Eppure due leader europei di sinistra, Schroeder in Germania e Zapatero in Spagna, hanno soppresso la patrimoniale, che ormai esiste solo in Francia: non è diventata un’imposta d’altri tempi ?
«Schroeder e Zapatero l’hanno soppressa, è vero, ma ciò non vuol dire che abbiano avuto ragione o che si tratti di un’imposta d’altri tempi. Il problema è un altro: quando si crea una nuova imposta, si dovrebbe fare una vera riforma del sistema fiscale, in modo che la fiscalità sia chiara per tutti. Aggiungere tasse alle tasse, nel periodo attuale, non è la strategia migliore. Introdurre un’imposta patrimoniale per ridurre l’Irpef può essere una buona cosa, mentre introdurla e aumentare anche quella sul reddito vorrebbe dire esigere un po’ troppo dai contribuenti europei».
EINAUDI
Le ragioni le quali possono consigliare una imposta patrimoniale non sono di giustizia tributaria.

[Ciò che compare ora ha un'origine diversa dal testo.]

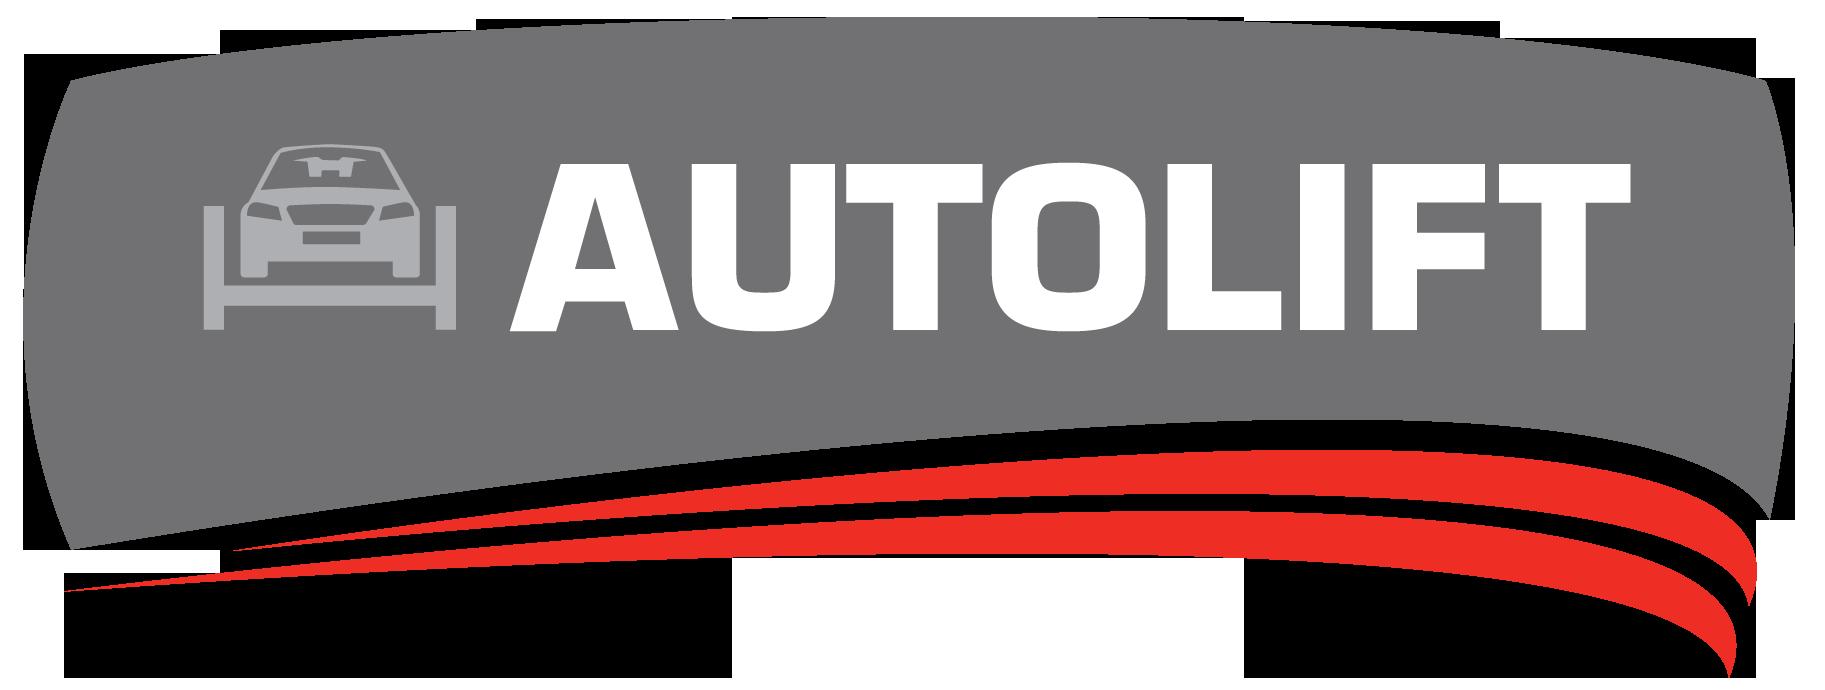 Autolift AS Trondheim

Sono ragioni politiche e psicologiche. Si vuole creare un ambiente di sacrificio nelle classi proprietarie e risparmiatrici, sicché le classi non proprietarie rimangano convinte che ai tributi sui consumi da esse prevalentemente pagati si contrappongono imposte sui patrimoni pagate dai ricchi? Si crede che all’uopo giovi più una imposta straordinaria pagata una volta tanto che un aumento alla imposta annua sul reddito?... Se questi scopi un governo crede seriamente di poter raggiungere; se esso è sicuro di riuscire a rimettere poi altrimenti il bilancio in pareggio così da potere realmente consacrare tutto il provento dell’imposta patrimoniale allo scopo di ridurre il debito pubblico a cifra meno formidabile, esso è giustificato nello stabilire il tributo.